— GIVEN INFORMATION —
========================================================================
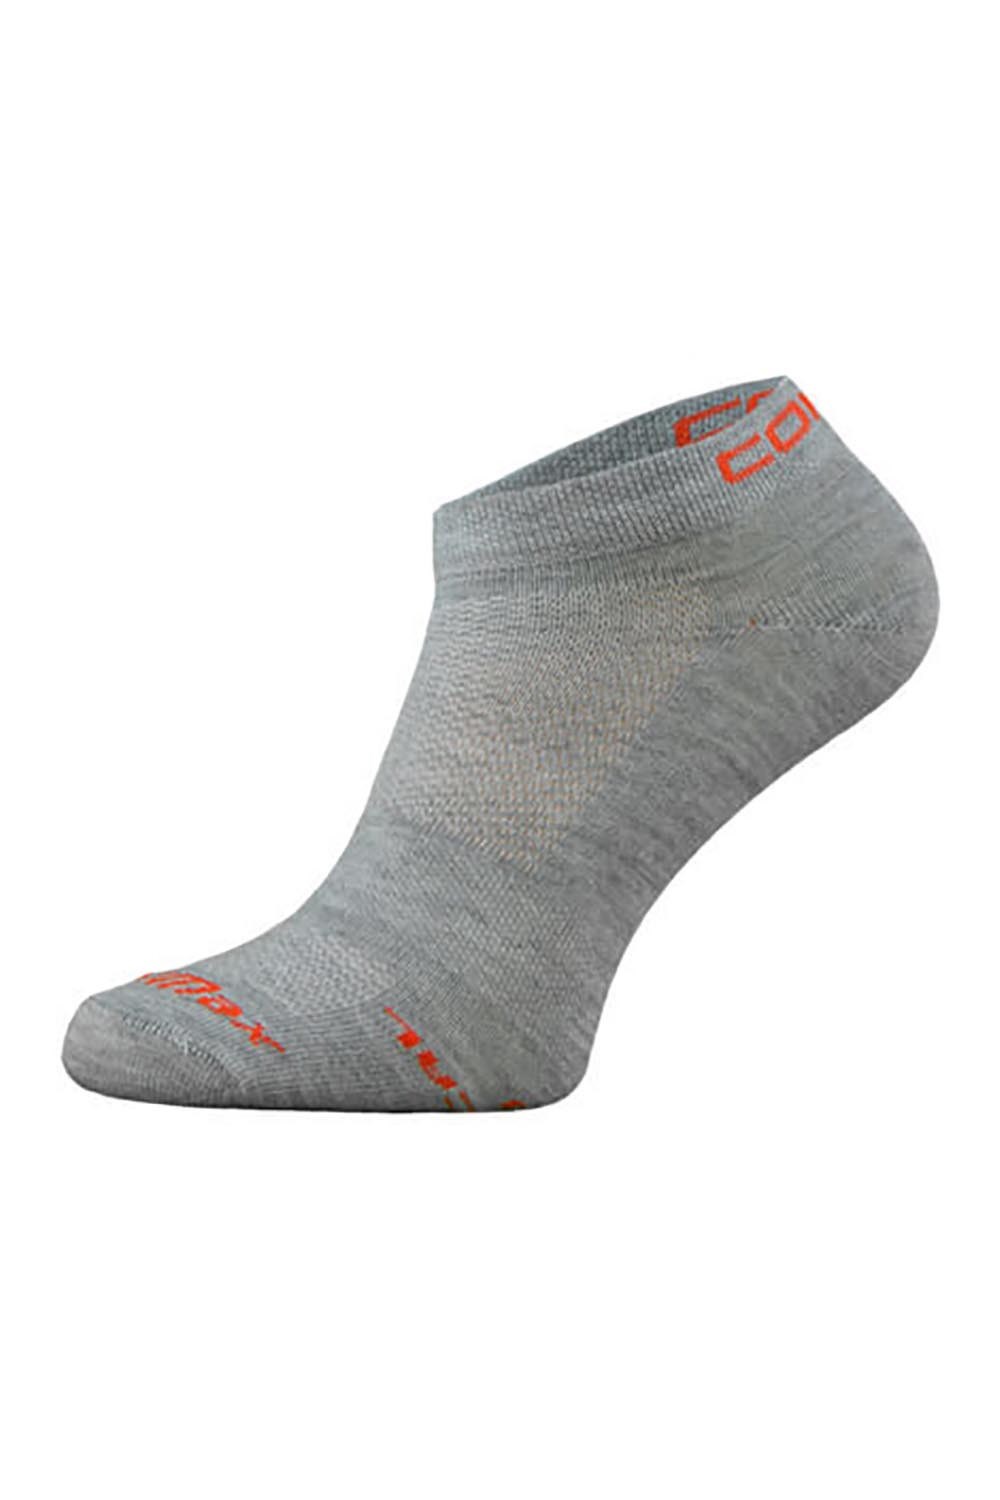 Ultra Coolmax Ankle Length Running Socks -
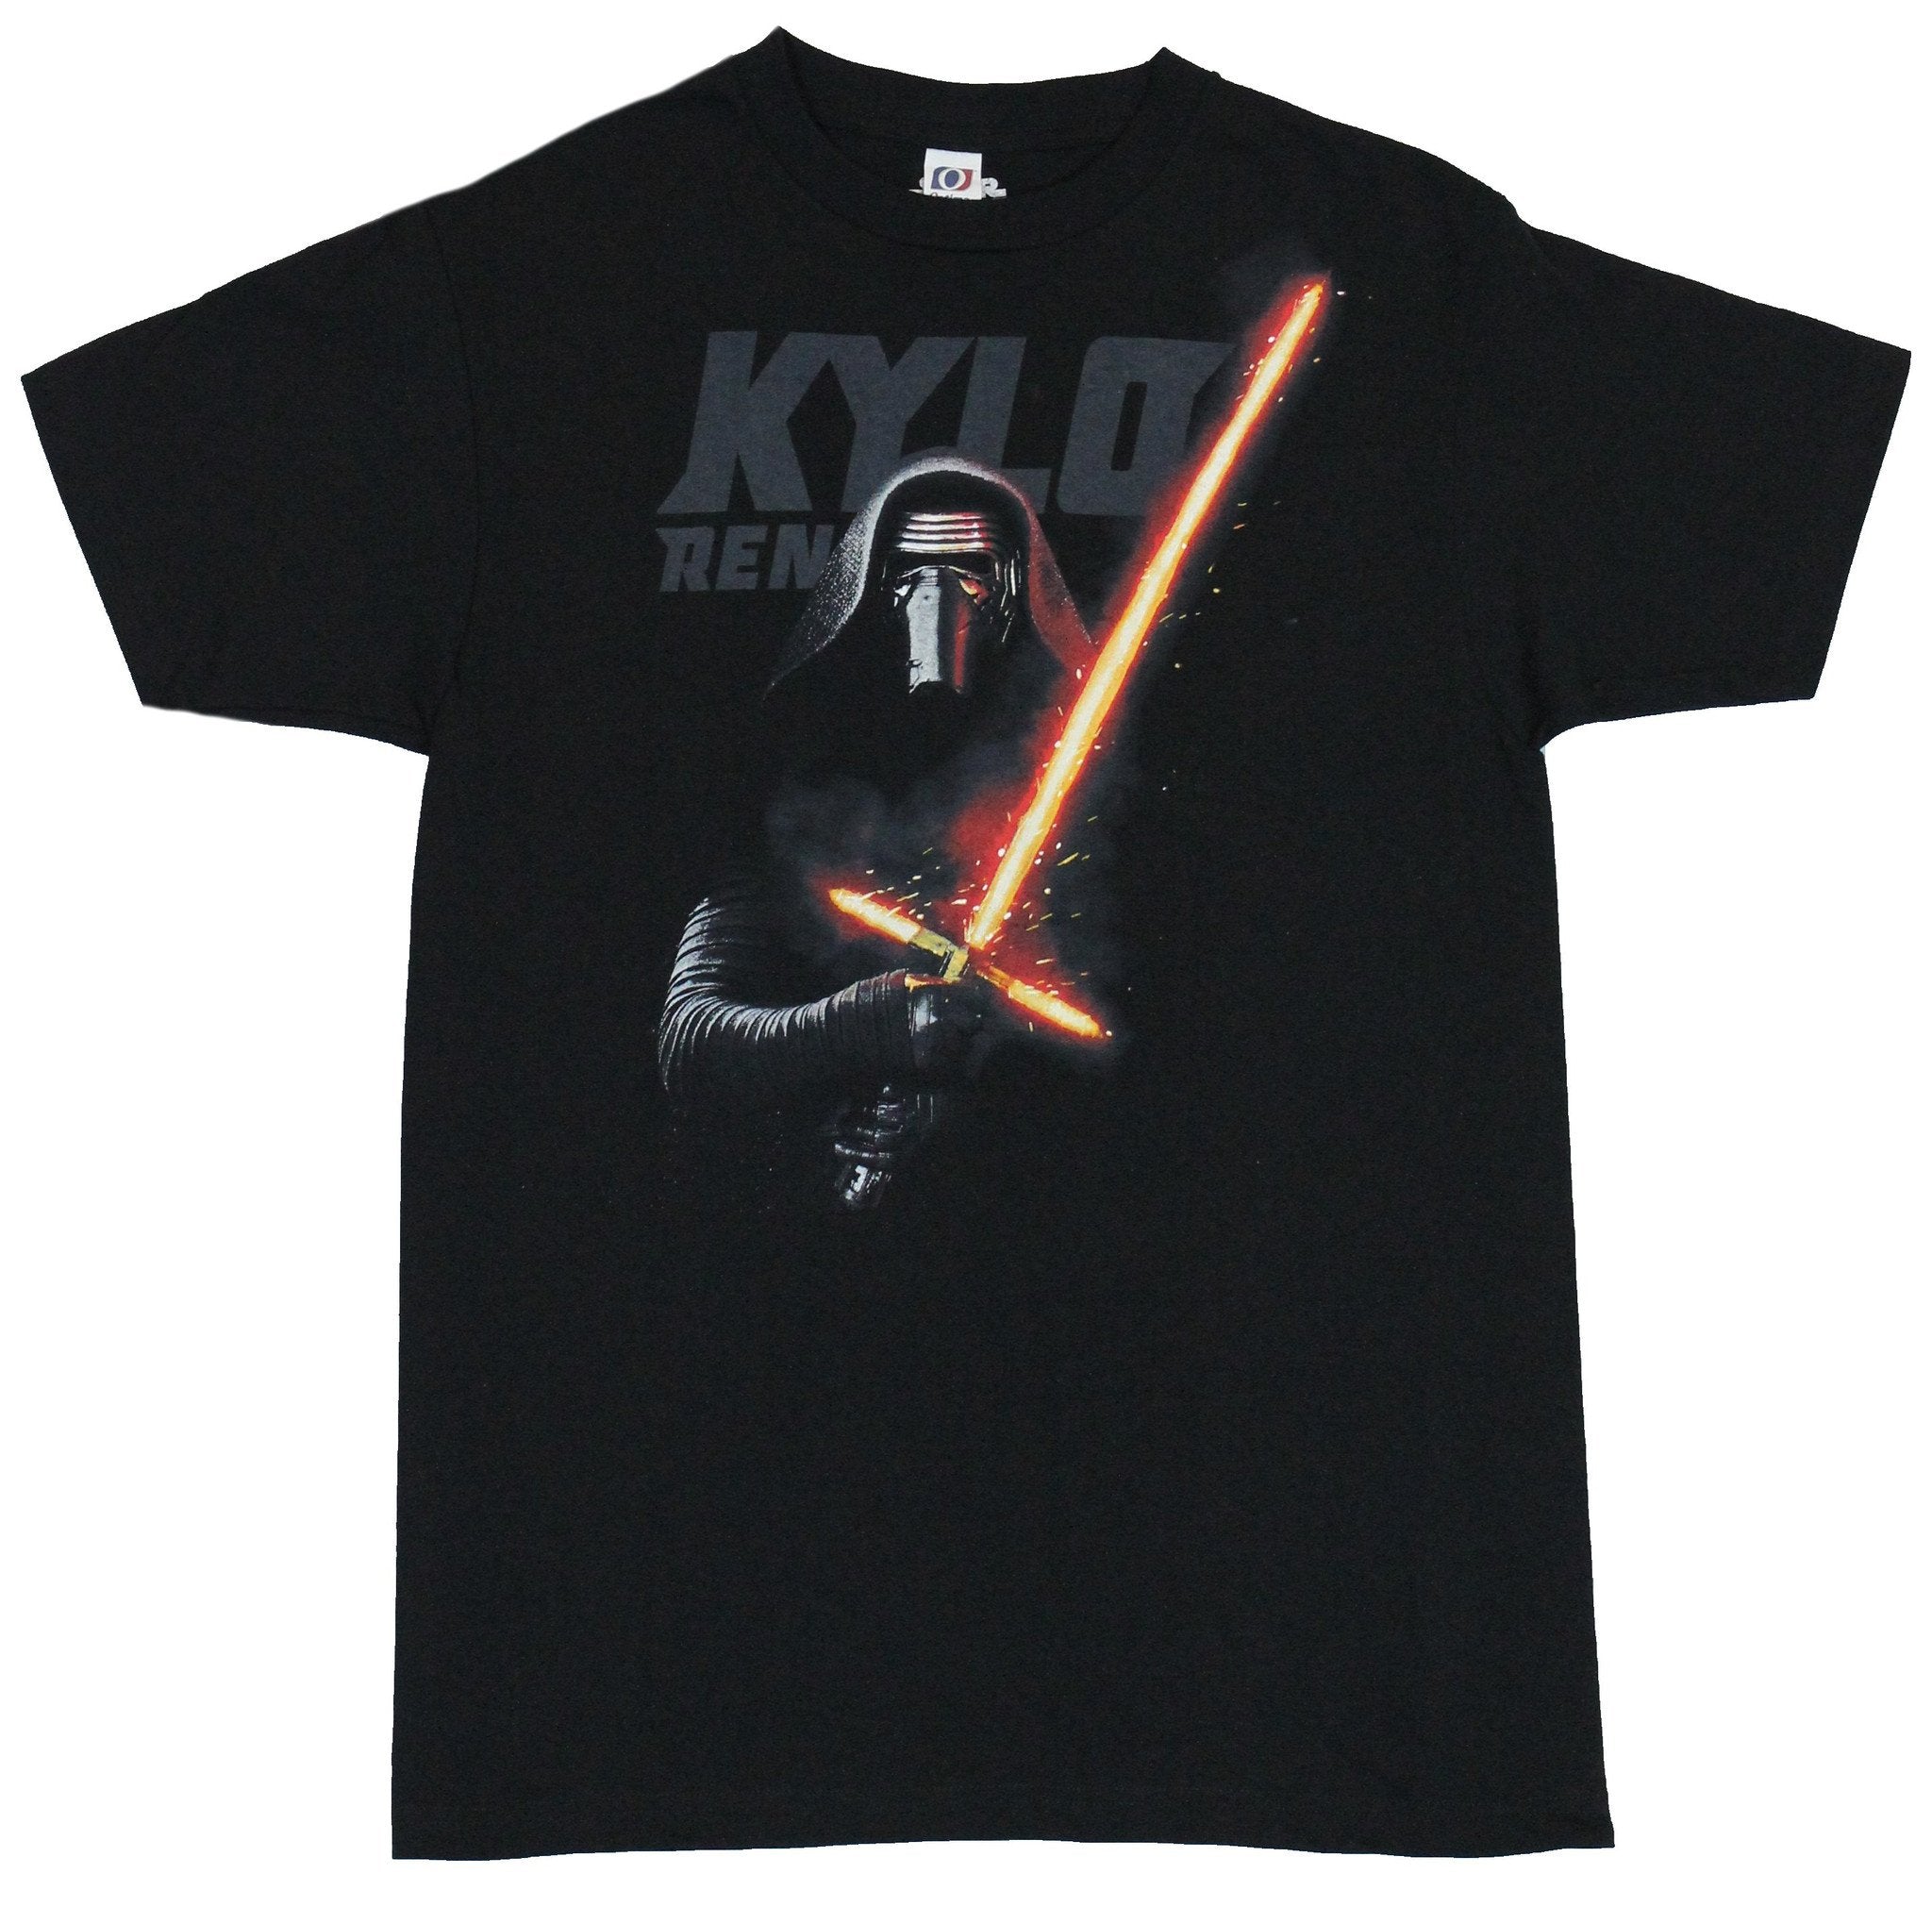 Star Wars Mens T-Shirt - Kylo Ren Saber Drawn Under Name Image
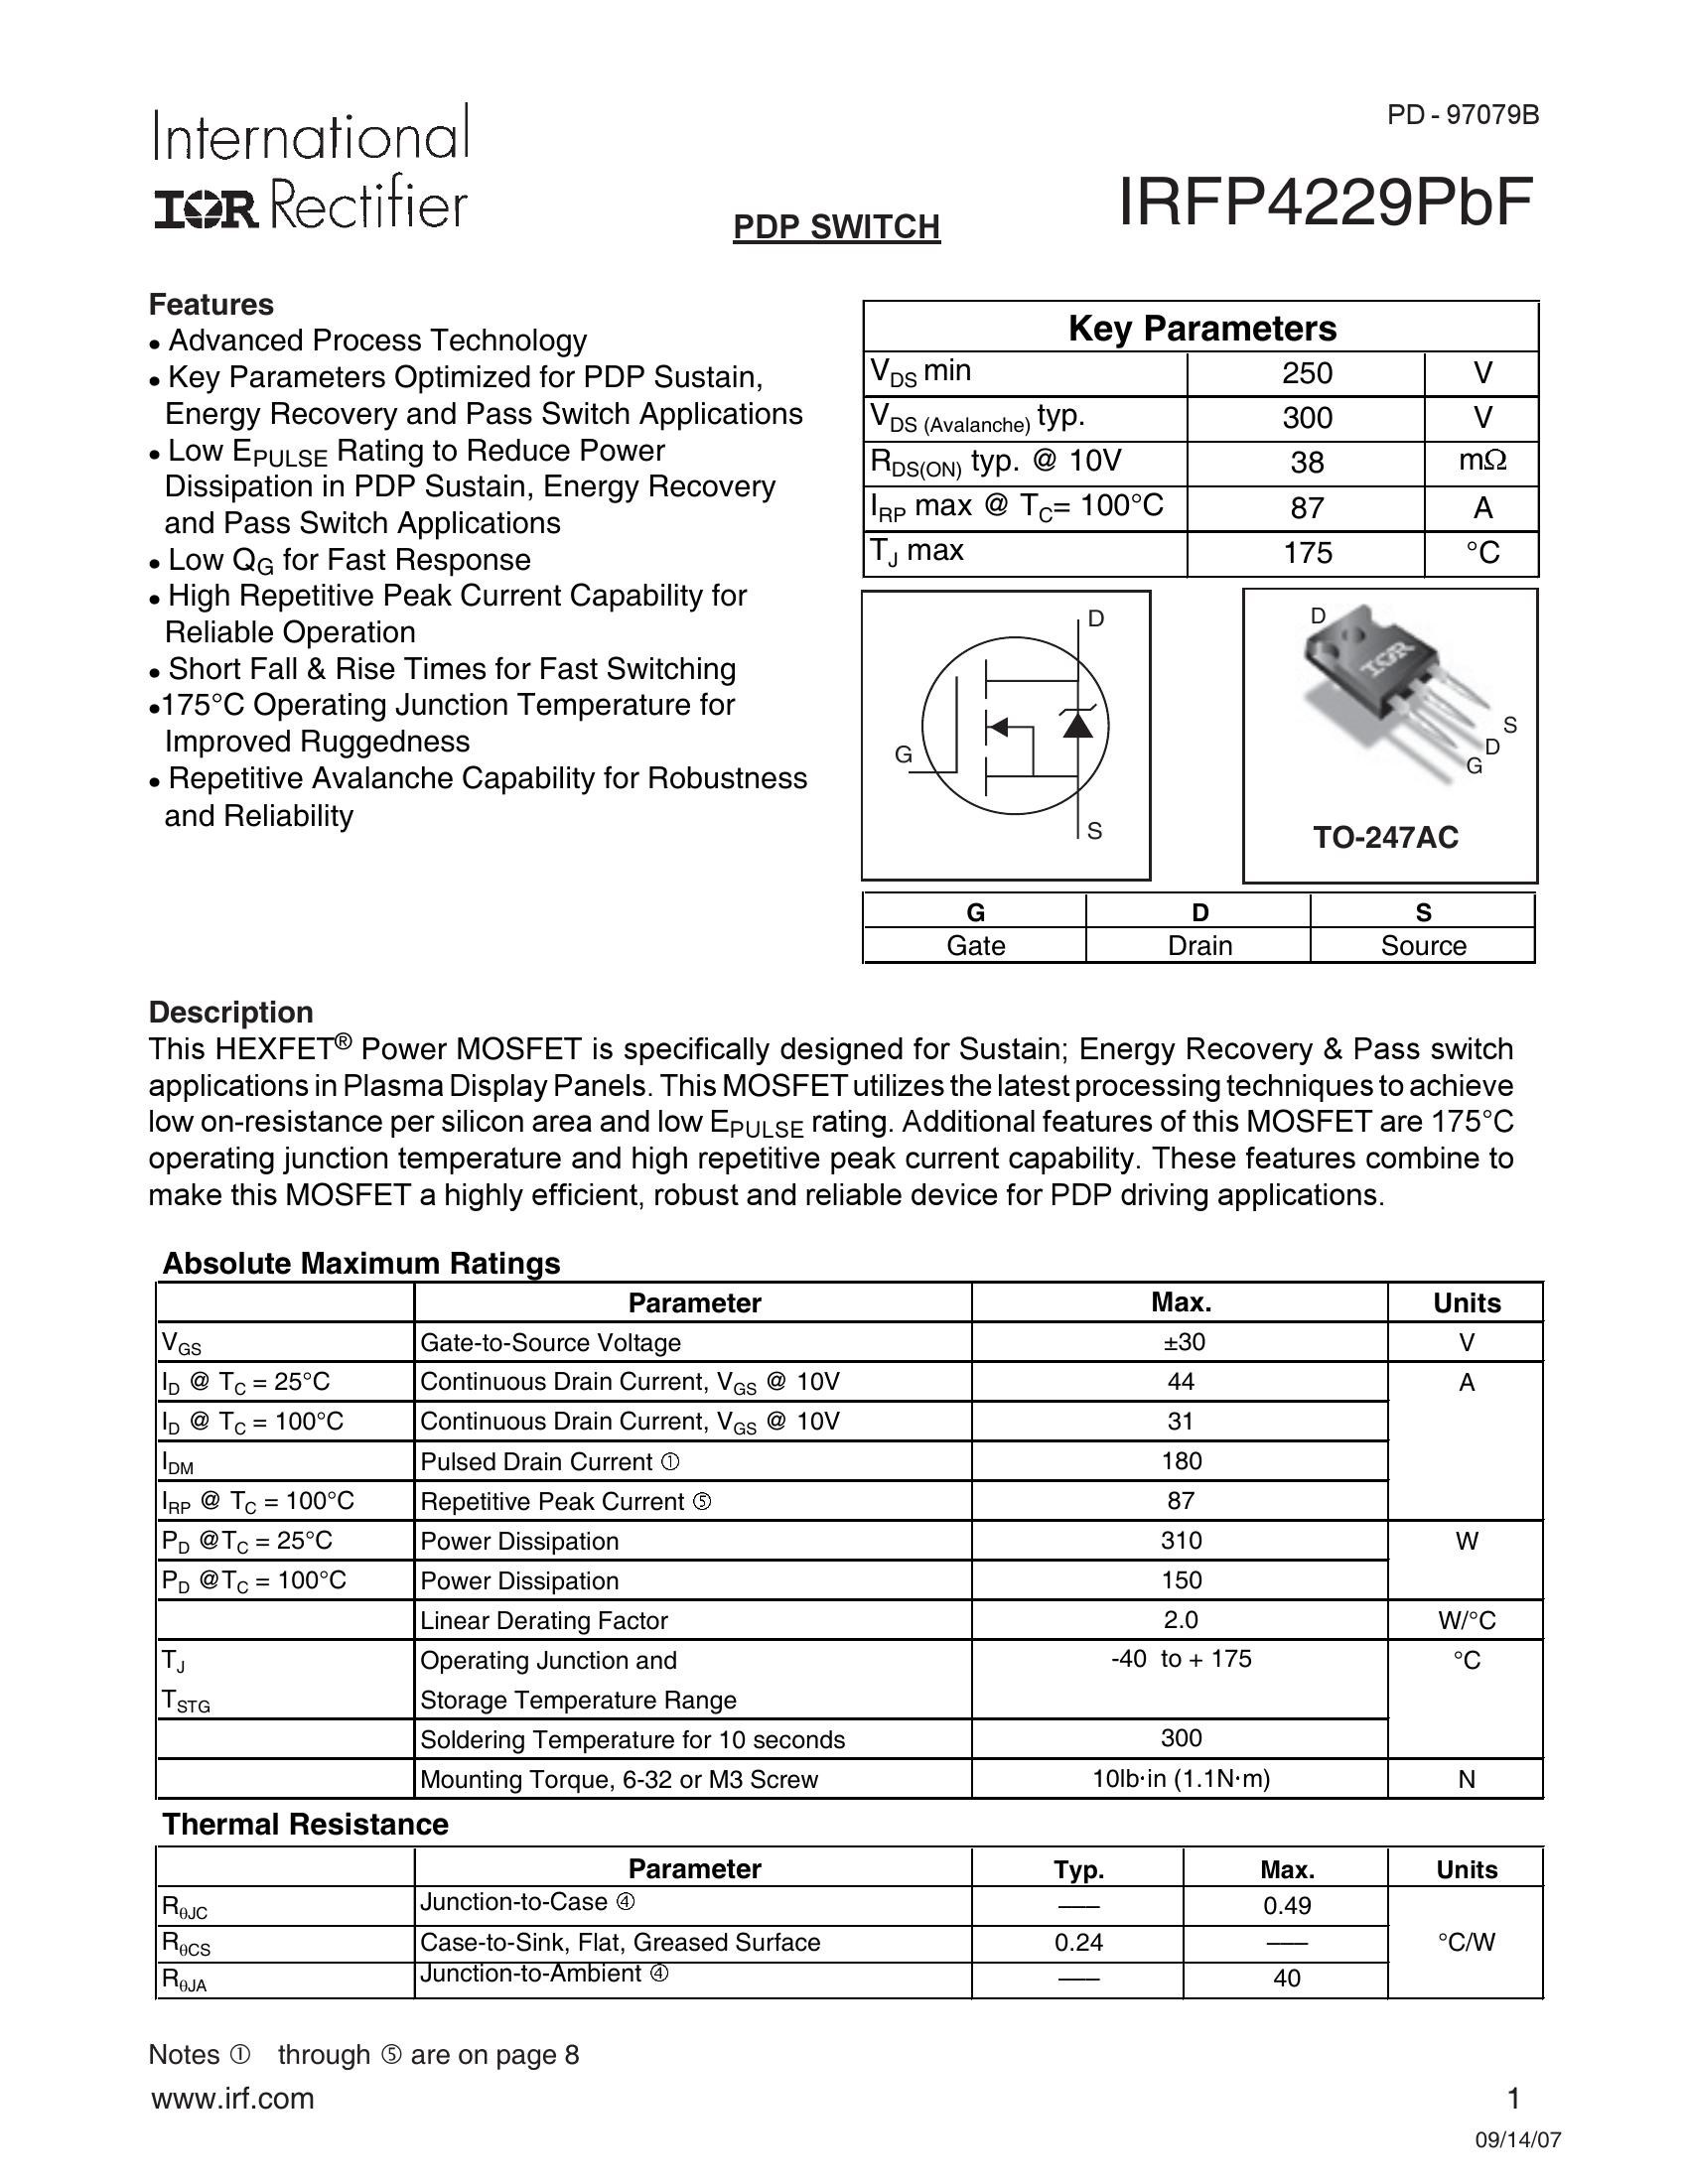 IRFP4004 Datasheet PDF MOSFETs - AiEMA
========================================================================
— ASSIGNED TASK —
To complete the exercise, return the listing above exactly and omit its pictures.

— FINAL ANSWER —
 Ultra Coolmax Ankle Length Running Socks -
 Star Wars Mens T-Shirt - Kylo Ren Saber Drawn Under Name Image
 IRFP4004 Datasheet PDF MOSFETs - AiEMA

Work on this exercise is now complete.